PROBLEM DETAILS: Please give back the listing exactly, without any of its pictures.

RECORDED DATA:
===
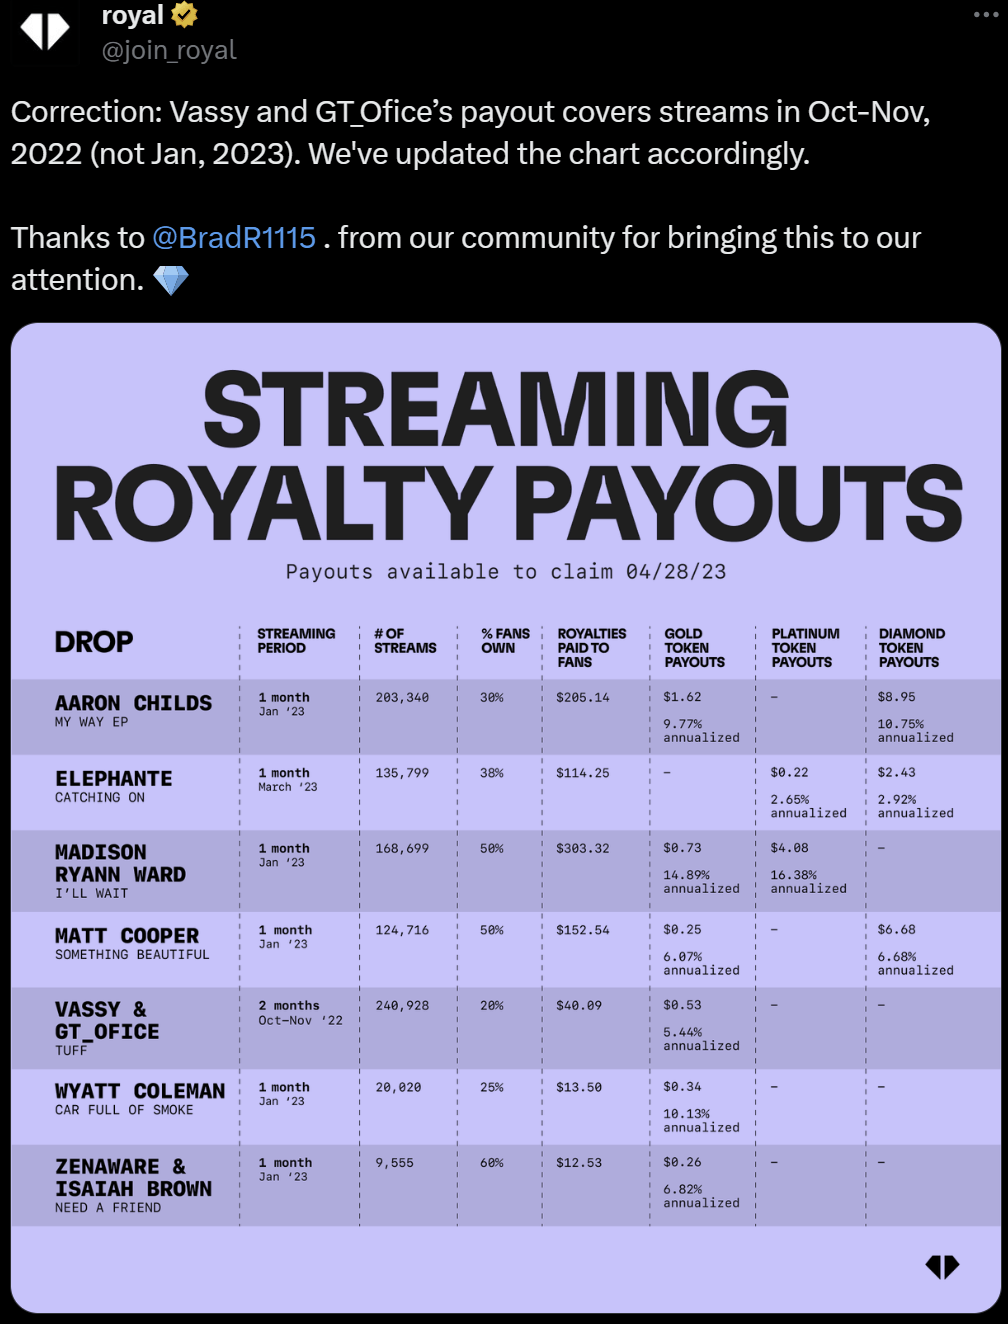 Depicts a tweet from Royal announcing recent streaming royalty payouts.
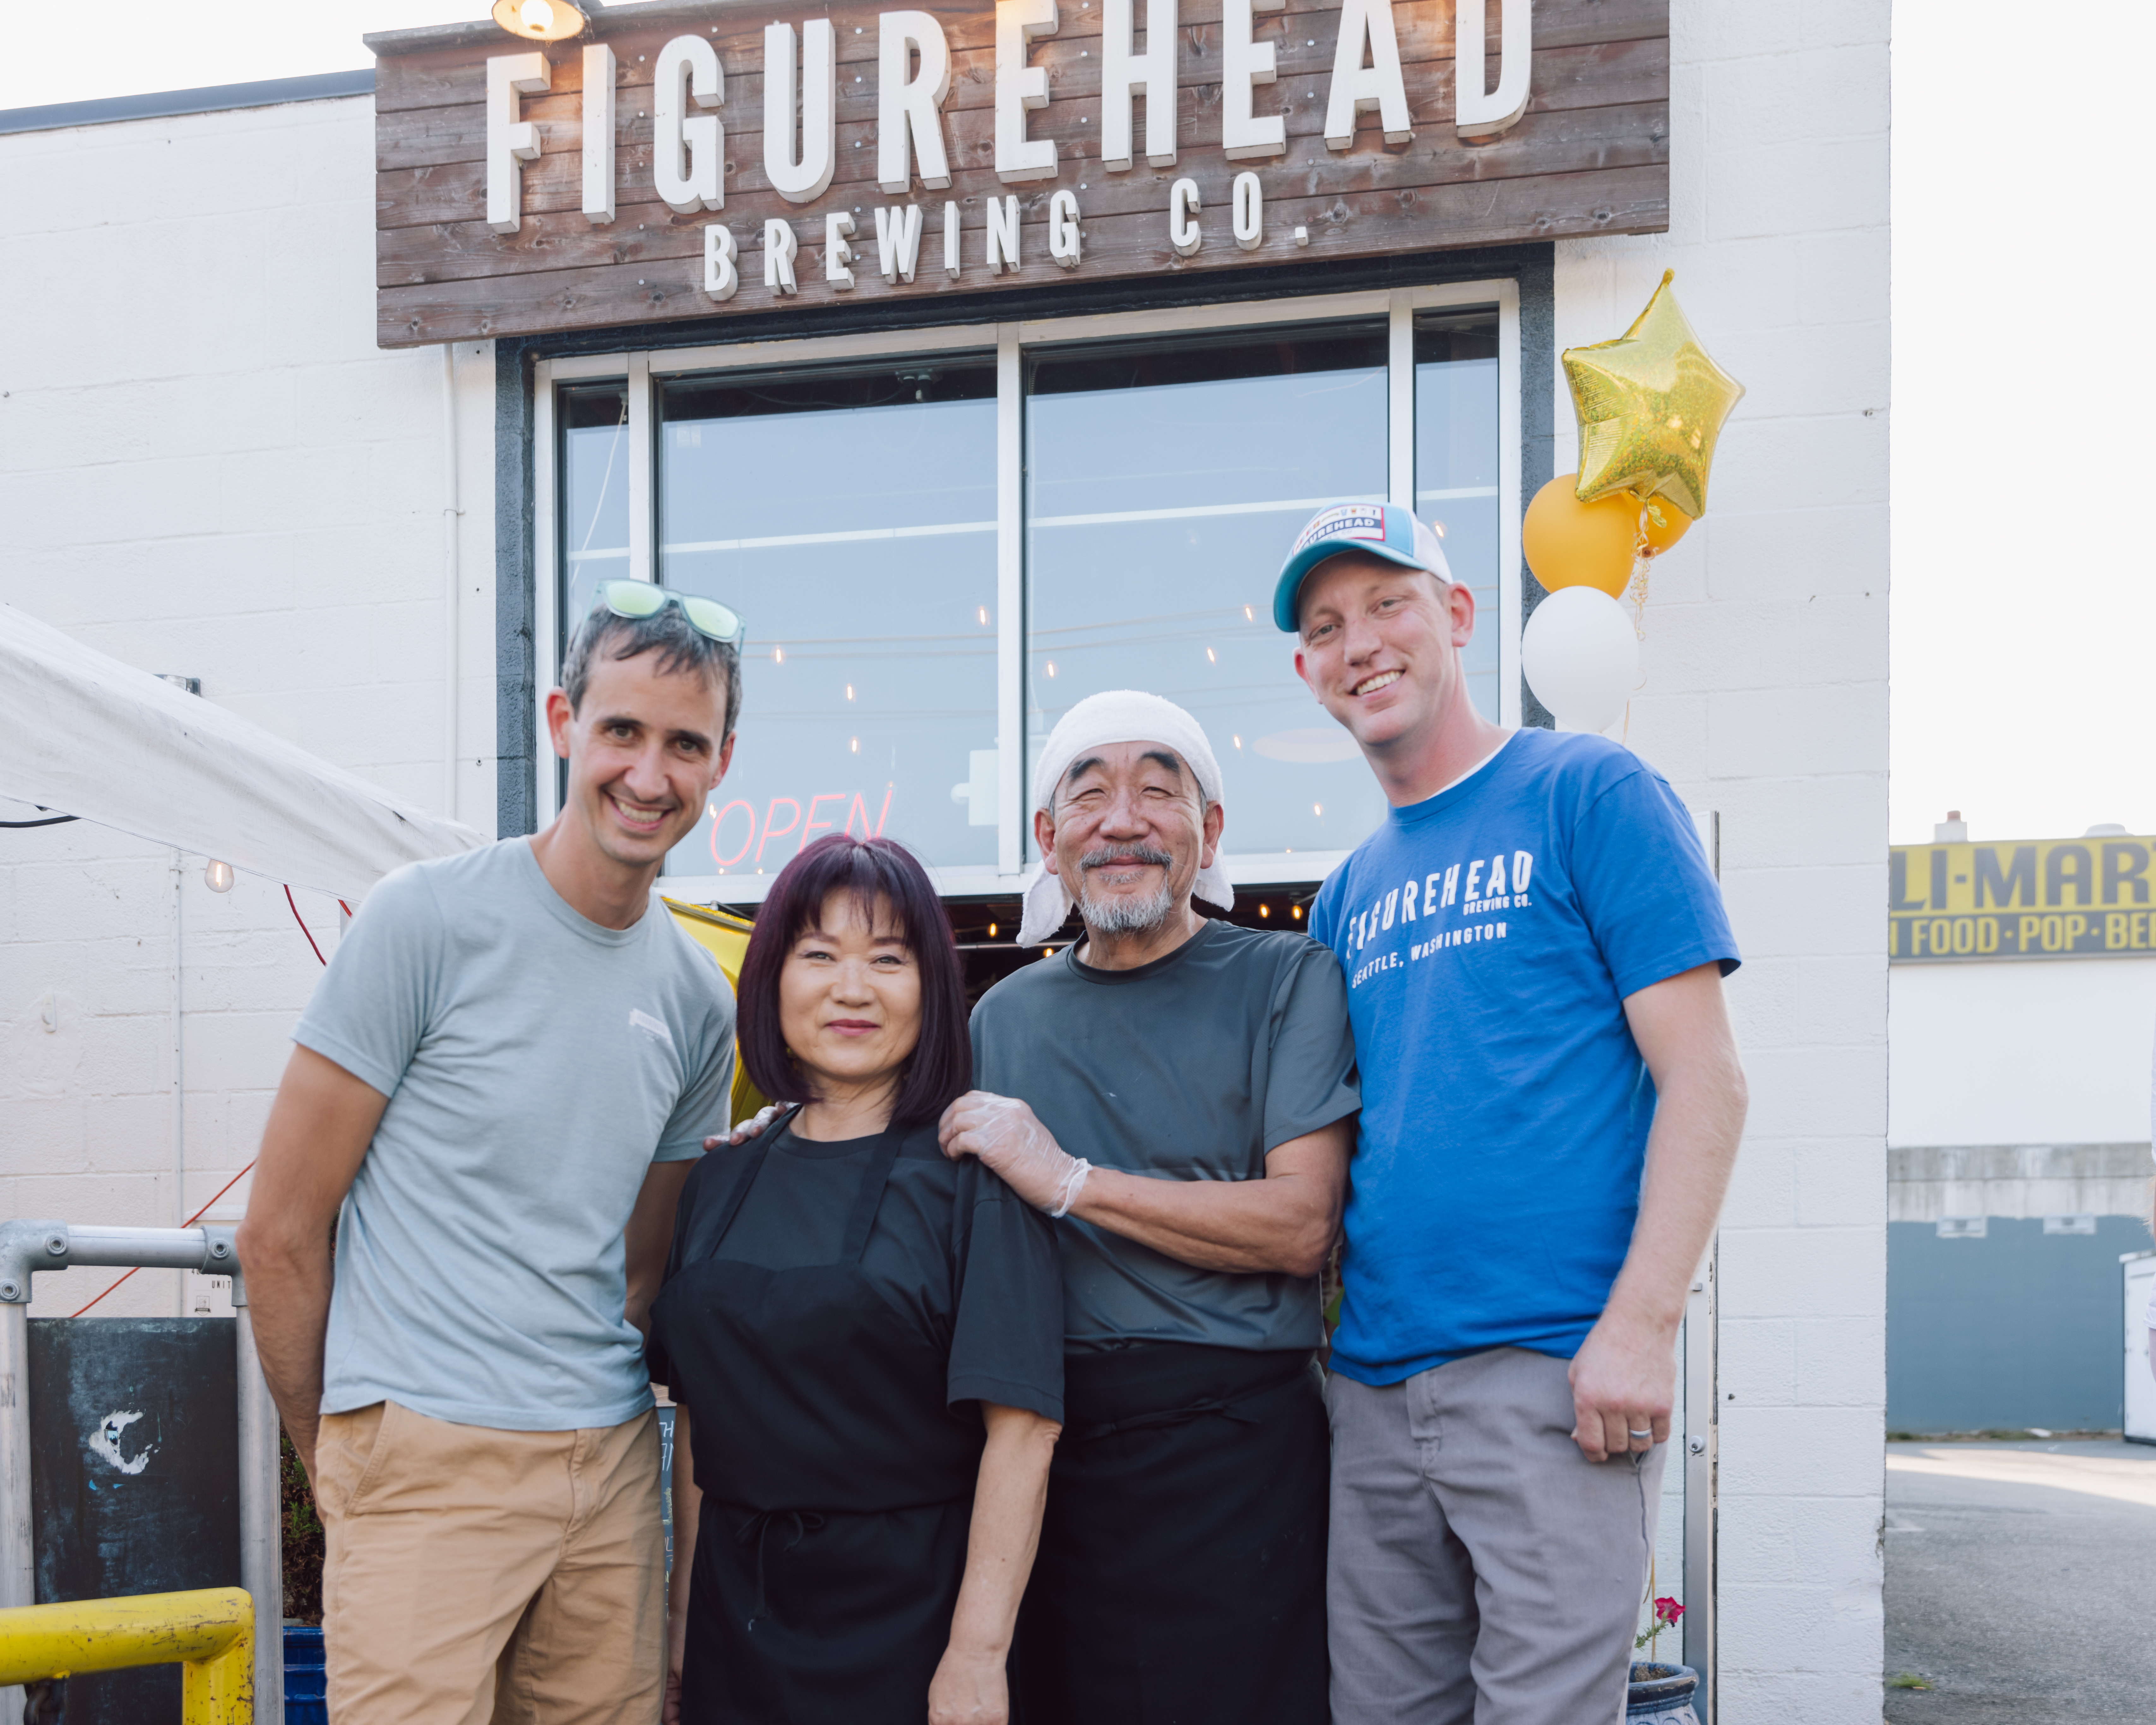 Two white men, an Asian man, and an Asian woman pose in front of a sign that says, “Figurehead Brewing Co.”
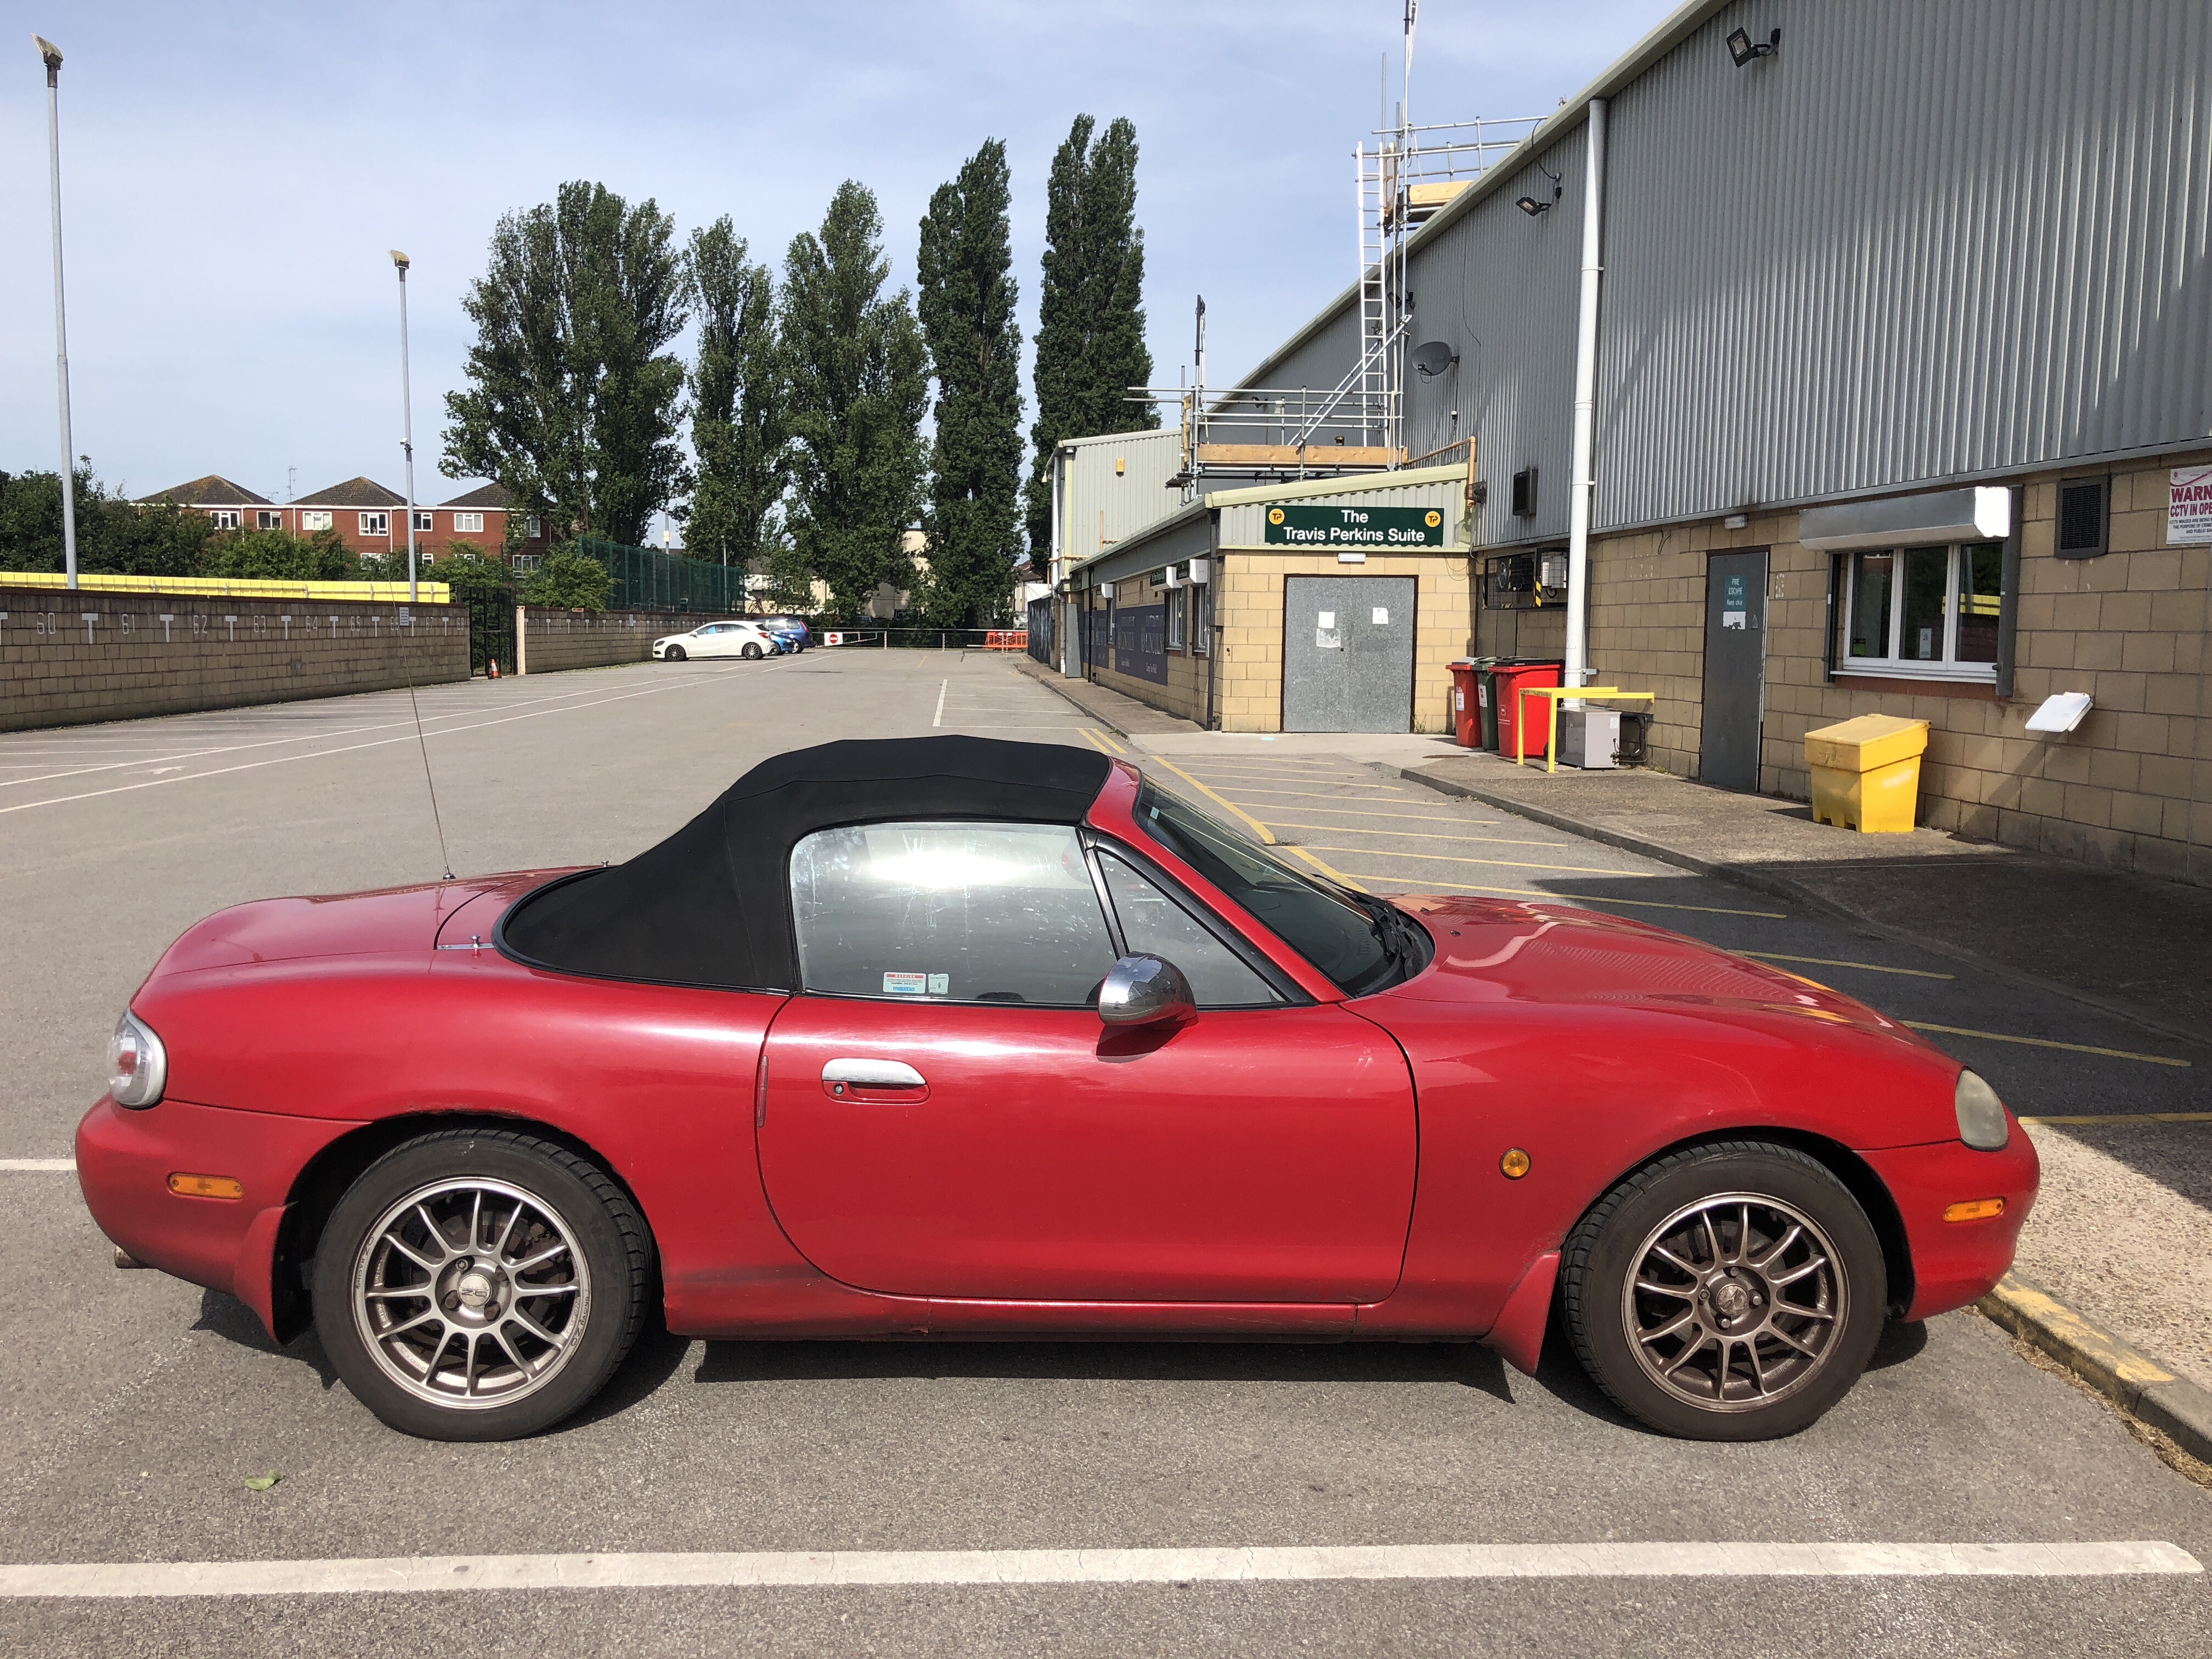 It’s another MX-5 Friday
===
OUTPUT OF THE TASK:
 Depicts a tweet from Royal announcing recent streaming royalty payouts.
 Two white men, an Asian man, and an Asian woman pose in front of a sign that says, “Figurehead Brewing Co.”
 It’s another MX-5 Friday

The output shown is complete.